The 95% confidence for the proportion of atheism in Spain in 2005 is (0.083, 0.1177) and in 2012 is (0.0734, 0.1065). Since there is overlap between the two confidence intervals, there is convincing evidence that Spain has not seen a change in its atheism index between 2005 and 2012.

2. Is there convincing evidence that the United States has seen a change in its atheism index between 2005 and 2012?

Answer:

us05 <- subset(atheism, nationality == "United States" & year == "2005")
inference(us05$response, est = "proportion", type = "ci", method = "theoretical", success = "atheist")

## Single proportion -- success: atheist 
## Summary statistics:

## p_hat = 0.01 ;  n = 1002 
## Check conditions: number of successes = 10 ; number of failures = 992 
## Standard error = 0.0031 
## 95 % Confidence interval = ( 0.0038 , 0.0161 )

The 95% confidence for the proportion of atheism in the United States in 2005 is (0.0038, 0.0161) and in 2012 is (0.0364, 0.0634). Since there is no overlap between the two confidence intervals, there is convincing evidence that the United States has seen a change in its atheism index between 2005 and 2012.

2. If in fact there has been no change in the atheism index in the countries listed in Table 4, in how many of those countries would you expect to detect a change (at a significance level of 0.05) simply by chance? Hint: Look in the textbook index under Type 1 error.

Answer:

Table 4 has 39 countries in total and with a significance level of 0.05: 39X0.05 = 1.95 countries we would expect to detect a change simply by chance.

3. Suppose you’re hired by the local government to estimate the proportion of residents that attend a religious service on a weekly basis. According to the guidelines, the estimate must have a margin of error no greater than 1% with 95% confidence. You have no idea what to expect for p. How many people would you have to sample to ensure that you are within the guidelines? Hint: Refer to your plot of the relationship between p and margin of error.
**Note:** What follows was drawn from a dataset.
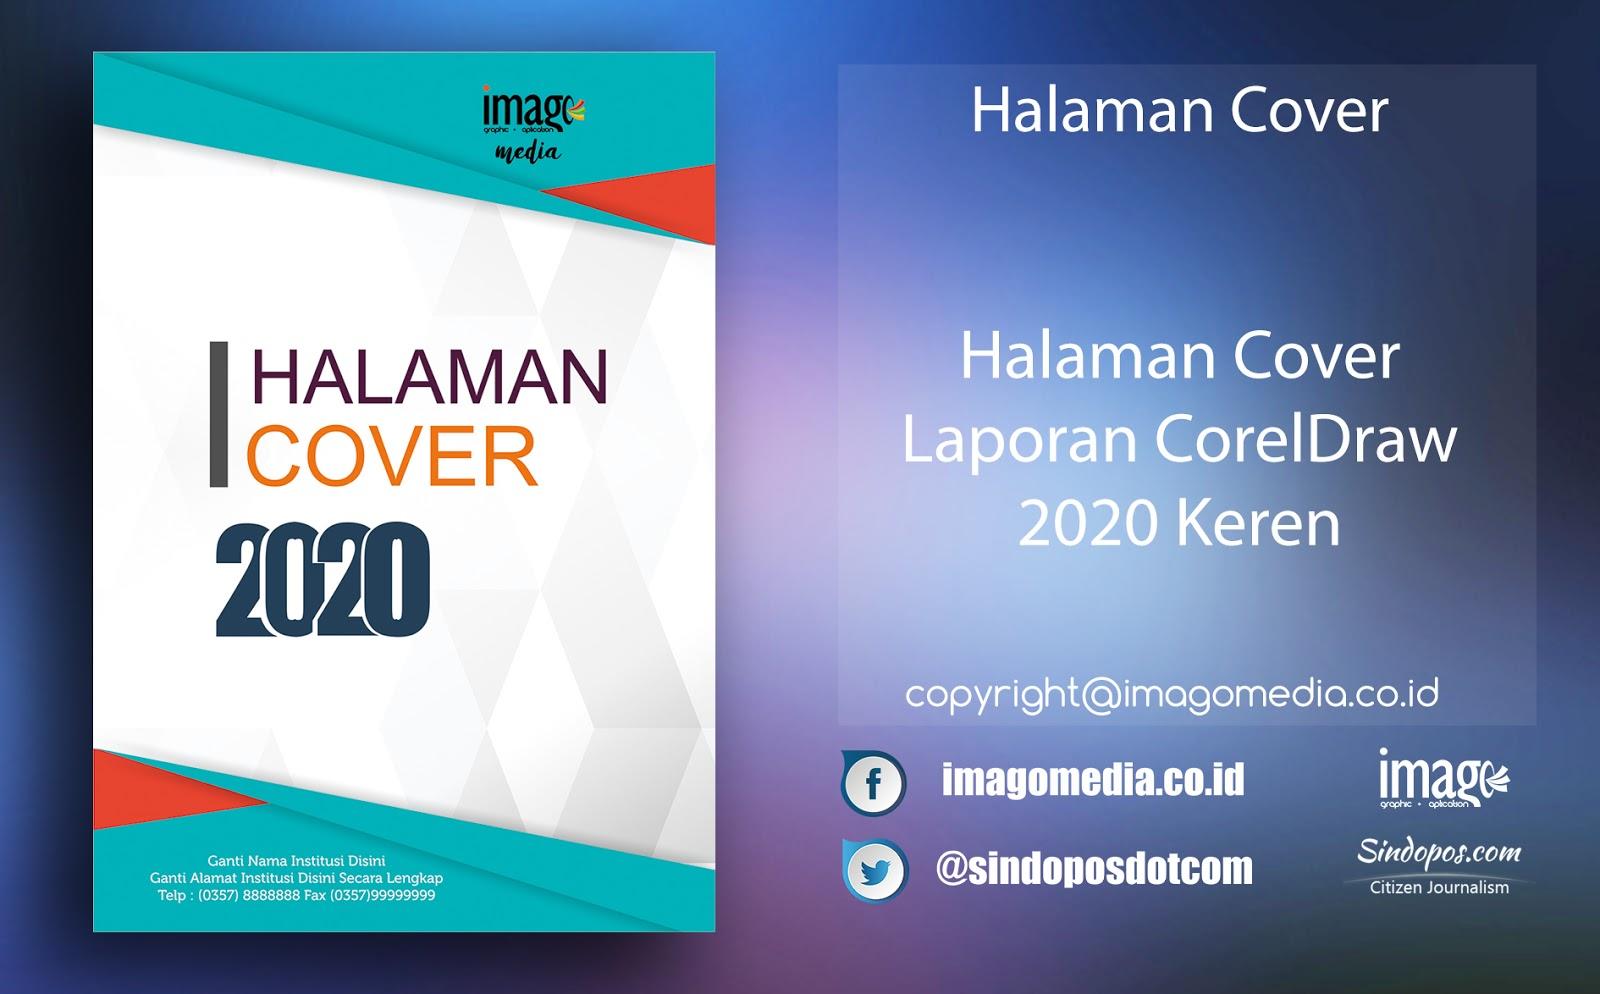 Halaman Cover Laporan Kegiatan Coreldraw 2020 Keren Imago Media Home Of Creativity

Do not use the data set to answer this question.

Answer:

At p = 0.5, the margin of error has its maximum value, therefore:

0.01 = 1.96 X (square root(((0.5*0.5)/n)))

n= (0.5*0.5)/(0.01/1.96)^2

(.5*.5)/(.01/1.96)^2

## [1] 9604

We would need to sample at least 9604 residents to ensure that the margin of error is no greater than 1% with 95% confidence.